А она что-то повторяла, и голос ее дрожал, и конечно ей и в голову не приходило обрадоваться, что Тома все же не со мной дружит, а с этим Вербицким; ей просто было не по себе оттого, что из-за Томы не по себе стало мне, и когда она сказала: «Это Тома, я чувствую» — я вскочил со скамейки и бросился по лестнице наверх.
Она догнала меня уже на другой стороне стадиона, внизу лестницы, и дальше мы шли медленно и молча, мимо прудов по пустому парку, почти до самого трамвая.
Когда до него оставалось метров пятьдесят, во мне опять что-то закипело, забулькало, как в вулкане, и я сделал такое, отчего мне до сих пор стыдно, невероятно стыдно, хотя я так и не разобрался до сих пор, как я мог так поступить.
Я быстро вынул из кармана записную книжку, достал из нее лотерейный билет, который я купил тогда на почте, когда убежал от класса с залива, сунул его Оле Рыбкиной в руку и помчался на трамвай. Будто я сказал, подлец: на́ вот, только не расстраивайся...
Она так и не сумела меня догнать, а может, она и не бежала. Скорее всего.
У самого моего дома, во дворе, в полной темноте я увидел, как вспыхивает, дрожа, и гаснет яркое, слепящее бело-голубое пламя. Я подошел ближе: это была электросварка, двое рабочих в специальных, по-моему брезентовых, комбинезонах и шляпах и специальных щитках перед глазами, чтобы не слепило, сваривали здоровенную трубу; рядом двор был весь разрыт.

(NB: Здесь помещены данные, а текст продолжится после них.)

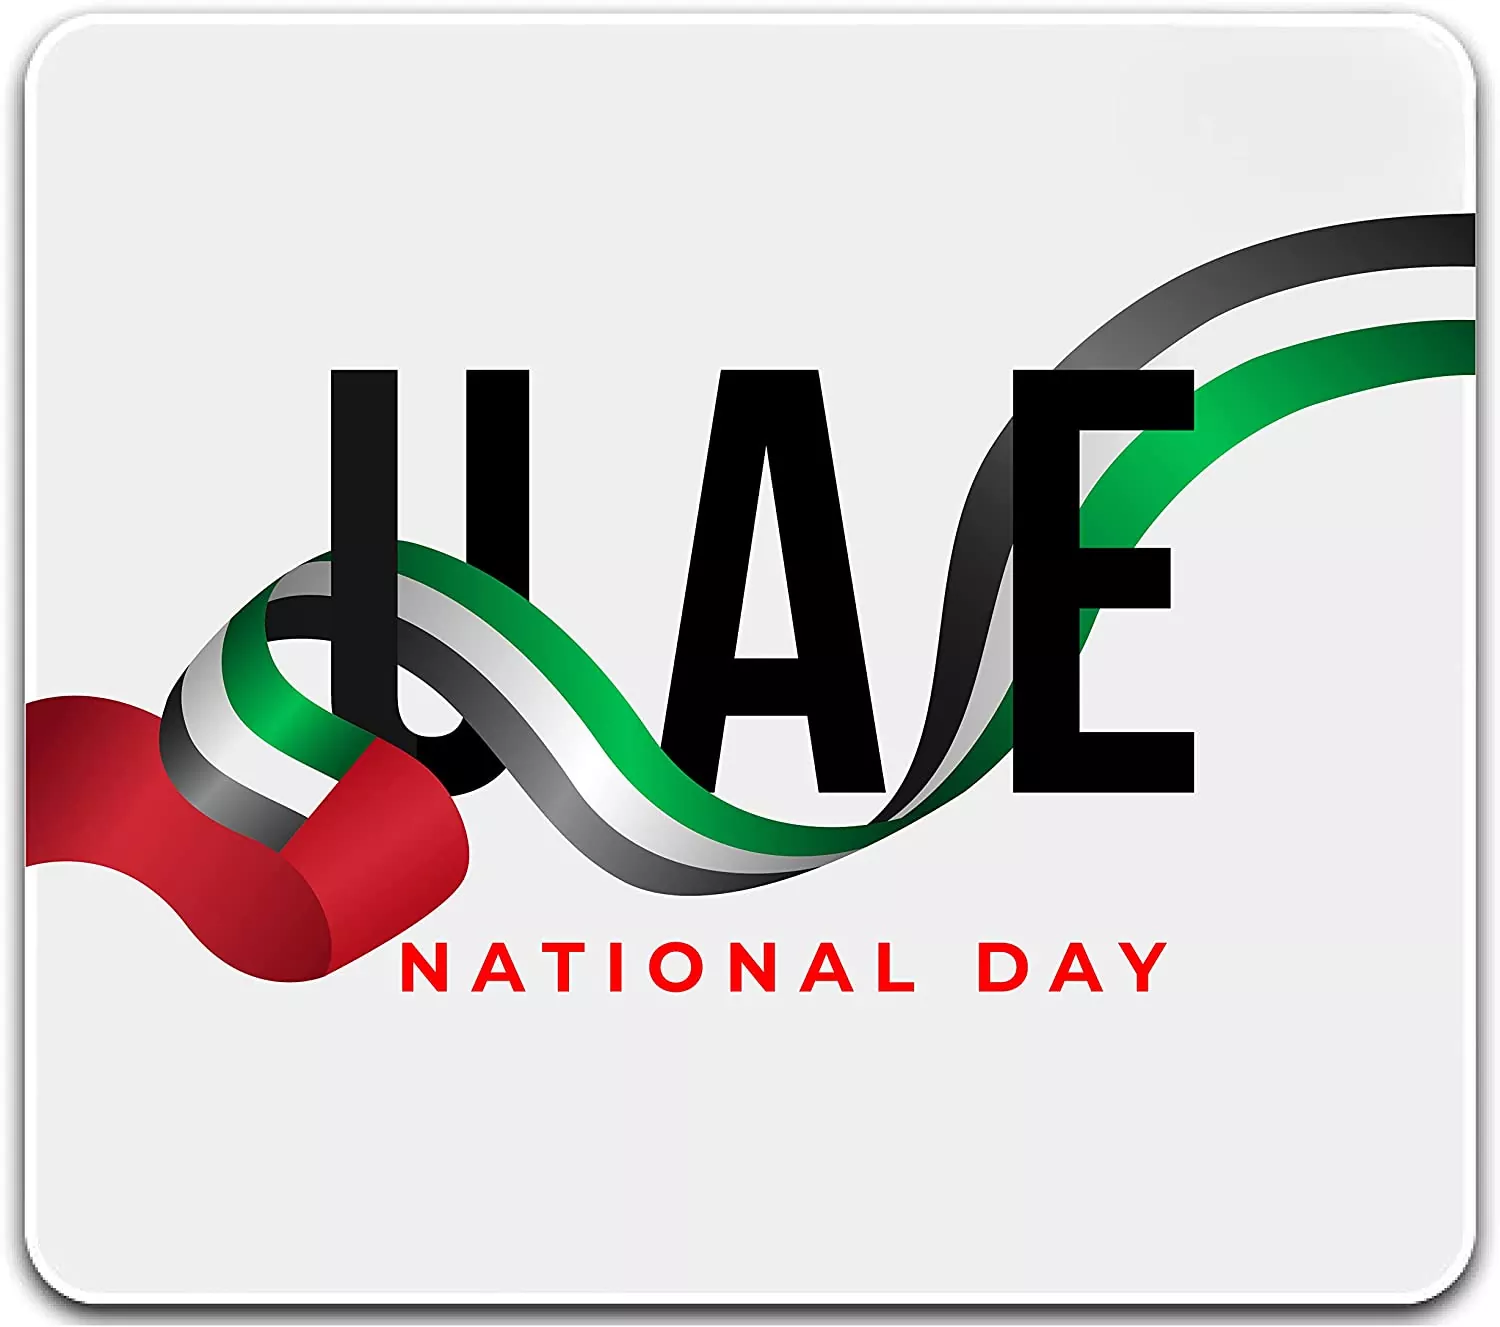 UAE NATIONAL DAY MOUSE PAD (Design 5)

Глаза мне слепило очень сильно, один из рабочих прикрикнул на меня, чтобы я не стоял близко, я стал отступать к своей парадной, жмурясь, глядя на вспышки голубого огня и рабочих, склонившихся над трубой, и вдруг совершенно неожиданно и ясно так подумал, что вот люди работают, а я что делаю? Учусь? Так ведь все учатся. Это еще полдела. А что я делаю еще? Да ничего. Может, поэтому мне и плохо? А другие, ну, ребята, конечно, — они-то разве делают что-нибудь кроме учебы? Далеко не все. А им почему хорошо? А кто вообще сказал, что им хорошо? Я, наверное, толком и не знаю, хорошо им или нет. Но об одном я, пожалуй, подумал верно, что, может, ни черта я не делаю и от этого-то мне и плохо. Конечно, скорее всего я думал обо всем этом другими словами, какими именно, я сейчас уже и не помню, но мысль была очень похожей, и, пока я подымался по лестнице к себе в квартиру, мне даже легче стало от этой мысли: мол, займусь делом и все будет как надо, но дома эта мысль быстро вылетела у меня из головы. Я услышал из прихожей, как мама сказала Зике:
— Что это Томы несколько дней не видно? Почему она не заходит?

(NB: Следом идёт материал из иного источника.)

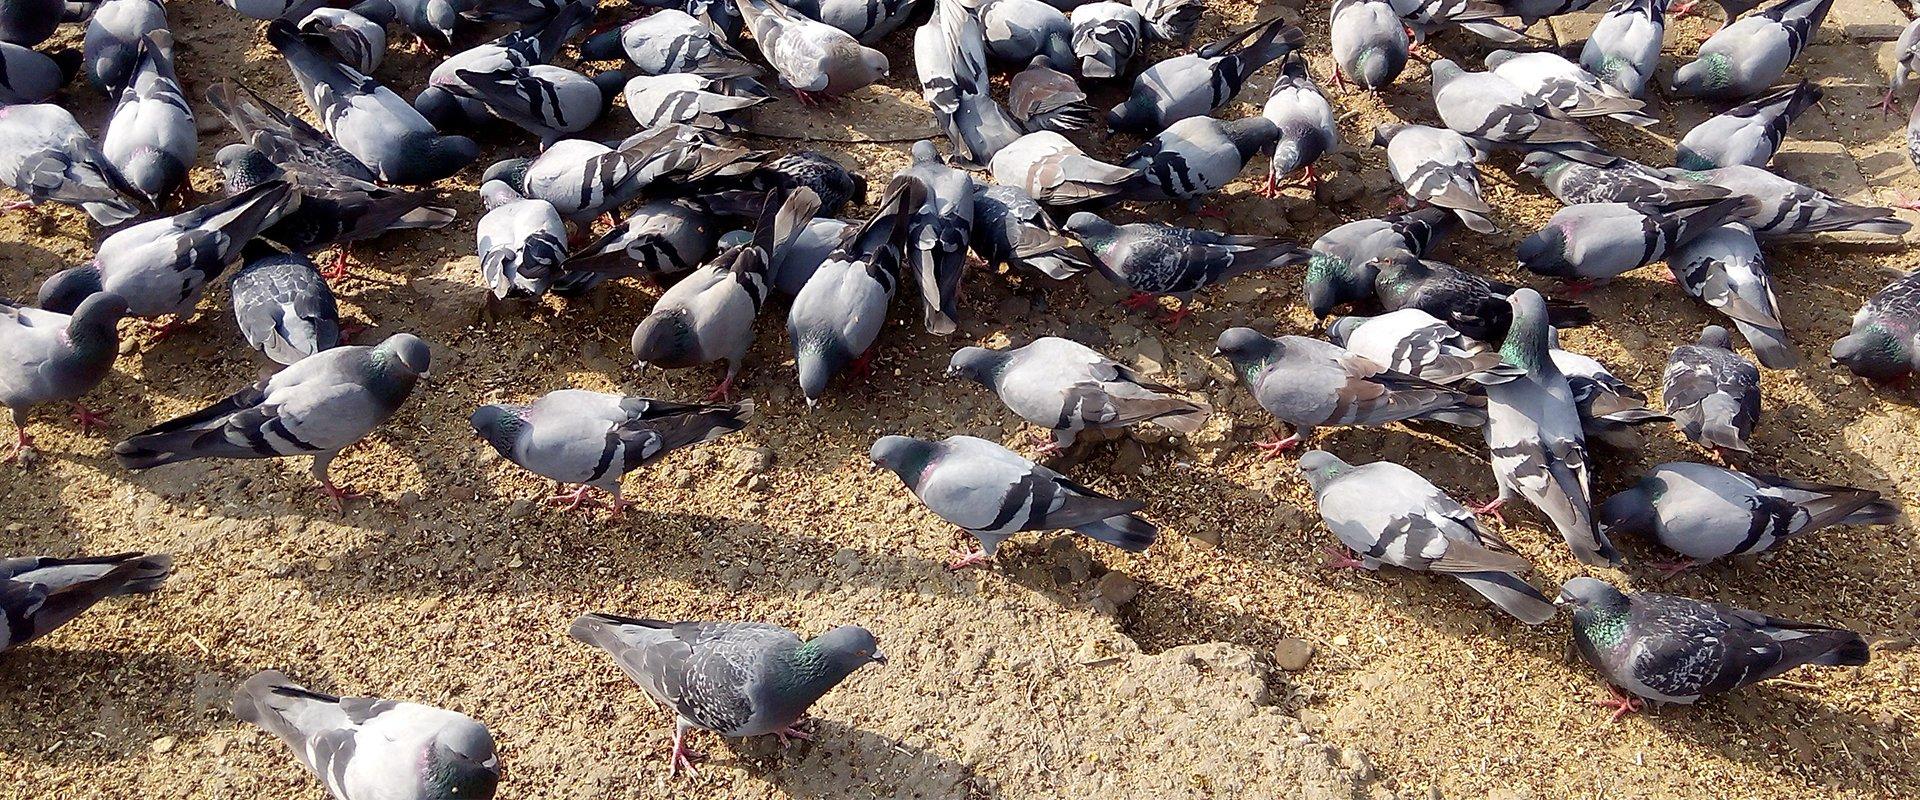 a large gathering of pigeons

— Разве я забыла тебе сообщить? — спросила Зика. — Она второй день не ходит в школу, что-то у нее там такое с ухом, не очень серьезное, но она сидит дома.
Вот оно что, подумал я. С ухом? Дома сидит? Значит, это была не она? А я вон как разволновался. Нет, видно, никогда мне не будет хорошо, как другим людям, если мне становится не по себе от того, чего и не было на самом деле. Я же не мог час назад, на стадионе, быть уверенным, что это она, я же не видел. Не видел, а разошелся вовсю. Нет, вряд ли выйдет из меня что-нибудь толковое. Вряд ли.

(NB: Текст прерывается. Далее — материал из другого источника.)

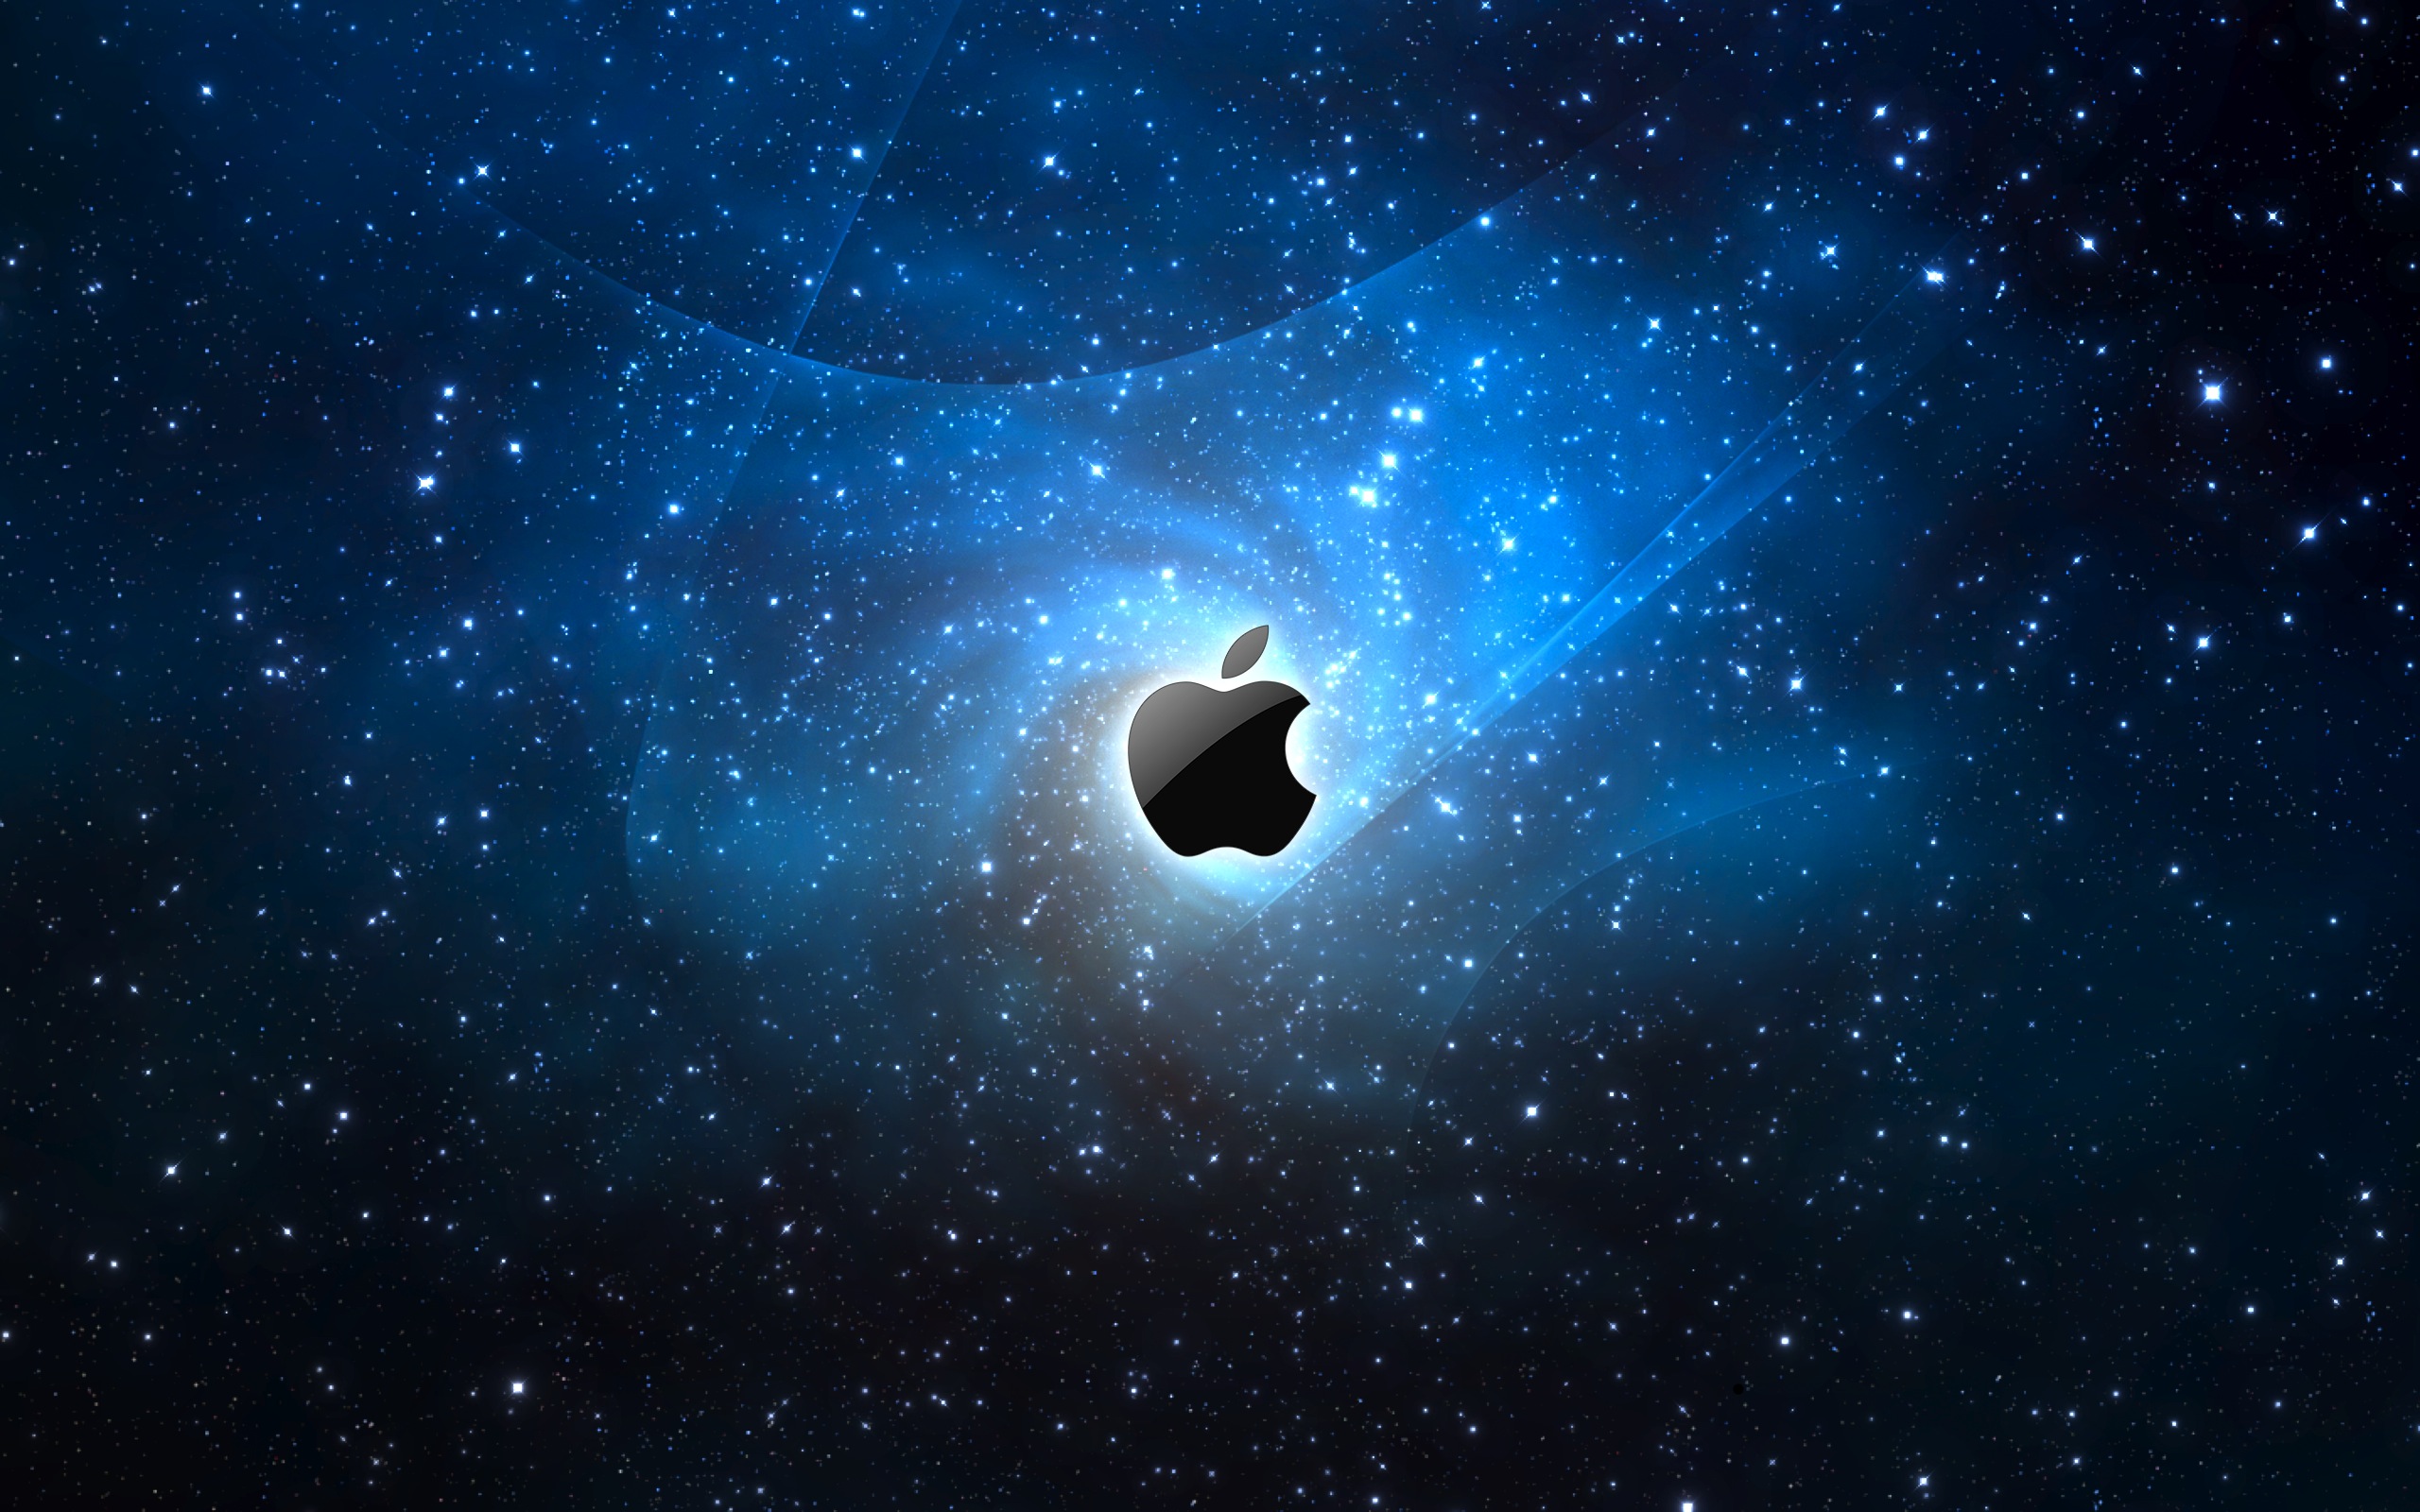 Apple Icon On Star Galaxy Background Wallpapers And Images

Странно, прошло всего несколько дней, срок — ерунда, а жизнь моя поменялась, как бы это сказать — значительно. Произошли разные события, и хорошие, и плохие, но и те, и другие были какие-то новые, каких раньше не было, и я так и не знаю толком, лучше стало мне или хуже. Но ясно, что иначе, потому что такими уж получились эти события.
Во-первых, ночью, в тот день, когда я вернулся со стадиона, я, лежа в кровати и уже засыпая, неожиданно вспомнил кое-что... не знаю, можно ли назвать это событием. Кажется, я говорил о том, кто заходил ко мне, пока я болел: девушка-врач, Сашуля и Рыбкина, Дымшиц. Это неверно, заходил еще один человек, в первый же день болезни, когда температура у меня была высокая и я даже бредил вечером. Смешно, конечно, но в бреду я услышал и запомнил почти весь разговор этого человека с мамой, а после, когда температура спала, я начисто забыл о том, что такой разговор вообще был, — провал памяти. И вот ночью, засыпая, я вдруг вспомнил, что разговор такой был, и почти весь этот разговор вспомнил, может, пропустил только два или три каких-нибудь слова. Разговор между мамой и Евгенией Максимовной, нашей классной руководительницей. Сначала был звонок в дверь, после очень глухо, в прихожей: «Здравствуйте» — «Здравствуйте» — и еще что-то, и после этого уже разговор на кухне: я сразу узнал голос Евгении Максимовны.